I know it picking up the changed file…as it is showing the reportParseExceptions as being true, and the targetPartitionSize which I changed from 5xxxx to 4xxxx

ie… it shows:

  "ioConfig" : {
      "type" : "index",
      "firehose" : {
        "type" : "local",
        "baseDir" : "/tmp",
        "filter" : "kafka-file-dump.json.gz",
        "parser" : null
      },
      "appendToExisting" : false
    },
    "tuningConfig" : {
      "type" : "index",
      "targetPartitionSize" : 4000000,
      "maxRowsInMemory" : 25000,
      "maxTotalRows" : 20000000,
      "numShards" : null,
      "indexSpec" : {
        "bitmap" : {
          "type" : "concise"
        },
        "dimensionCompression" : "lz4",
        "metricCompression" : "lz4",
        "longEncoding" : "longs"
      },
      "maxPendingPersists" : 0,
      "buildV9Directly" : true,
      "forceExtendableShardSpecs" : true,
      "forceGuaranteedRollup" : false,
      "reportParseExceptions" : true,
      "pushTimeout" : 0,
      "segmentWriteOutMediumFactory" : null
    }
  },

Hi,

You can check the ingestion reports of complete tasks via an overlord API (http://druid.io/docs/latest/ingestion/reports.html).

Would you please check it especially the ‘rowStats’ part?

Jihoon

that yields a 404 :frowning:

Sending a get to:

http://wdc-tst-bdrd-001:8090/druid/indexer/v1/task/index_sms_messages_index_2019-02-05T17:30:36.845Z

returns the task json payload

http://wdc-tst-bdrd-001:8090/druid/indexer/v1/task/index_sms_messages_index_2019-02-05T17:30:36.845Z/reports

returns 404…

Oh, what druid version are you running?

hrm…0.12.1 - installed via HDP

Ah, yeah. The ingestion reports are available since 0.13.0.

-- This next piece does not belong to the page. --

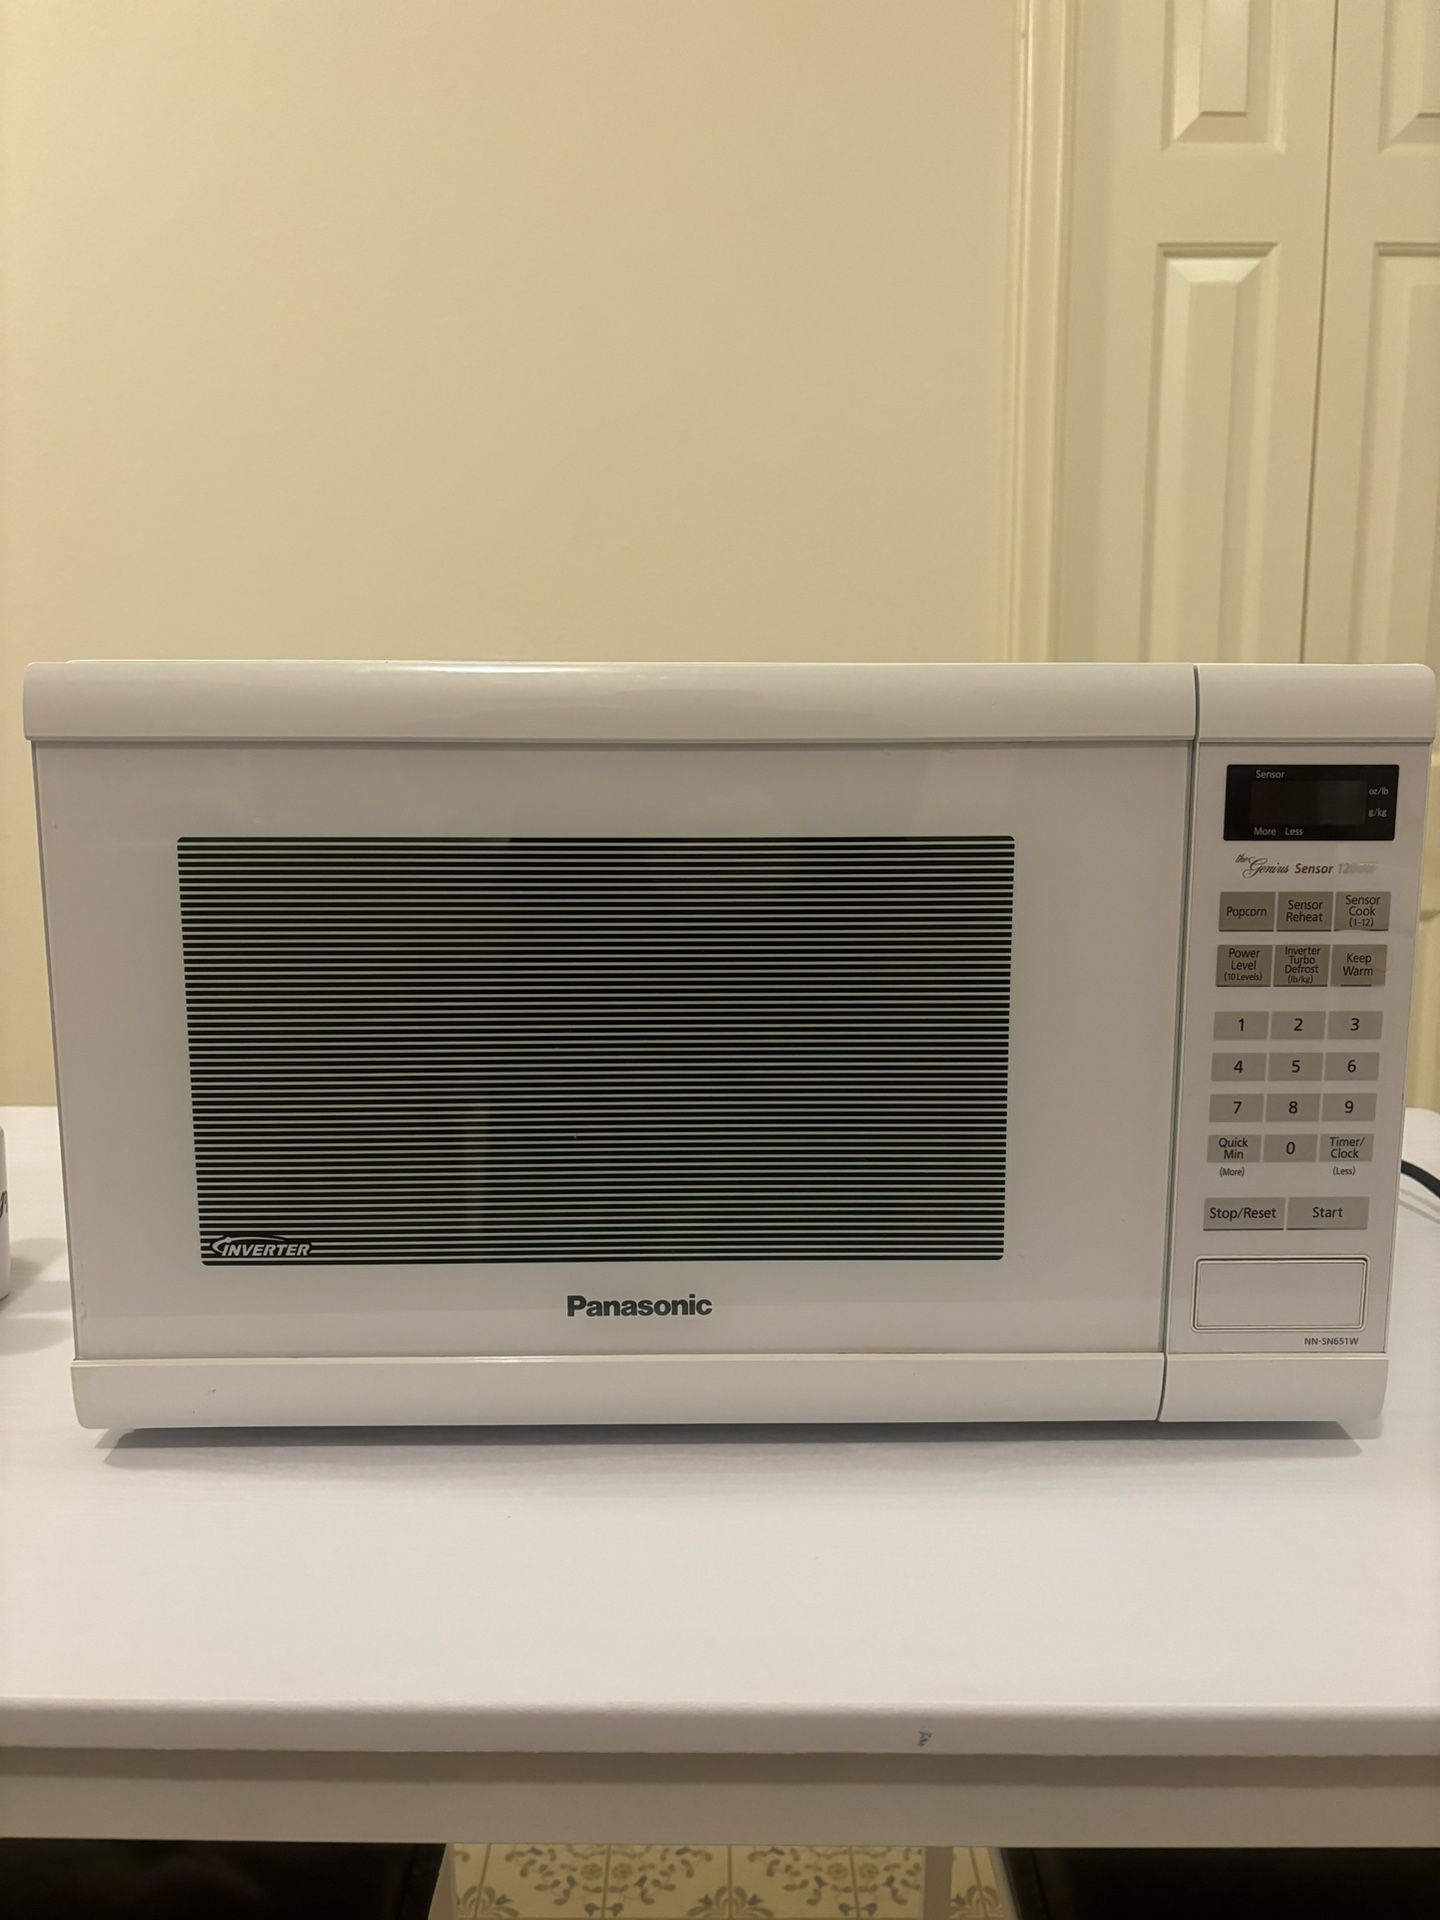 PANASONIC White Microwave

I’m not sure why any rows weren’t ingested. Would you post the task log if possible?

Jihoon

See Attached

tmp.txt (76.8 KB)

Thanks. I see the below log.

2019-02-05T18:29:40,961 INFO [task-runner-0-priority-0] io.druid.segment.realtime.firehose.LocalFirehoseFactory - Initialized with files

This means there’s no input files found. Would you please check it again?

Jihoon

progress :slight_smile: (getting a parse exception atm…looks like I may have truncated row somewhere…will dig into that in a bit).

so the issue was/is (I have this running on a cluster), and switched to doing batch load vs kafka, to validate the payload was good, but…yeah…it decided to run the task on a node where the file wasn’t located…so…my question is…how can one ‘batch’ load a file on a clustered druid…with having to copy the file to all nodes that the task may run on?

and thanx big time for you help :_

indeed last row in the file was truncated…no biggy…but…my question is will this fail the entire load? still not seeing the datasource appear…will try again without the last file.

Ah, if you’re running a cluster, input files should be somewhere where all middleManagers can access to. HDFS, NFS, or AWS S3 are popular options.

After a task is successfully finished, you should wait for a while for a new dataSource to appear. This is because the Druid coordinator periodically refreshes its metadata in memory.

Jihoon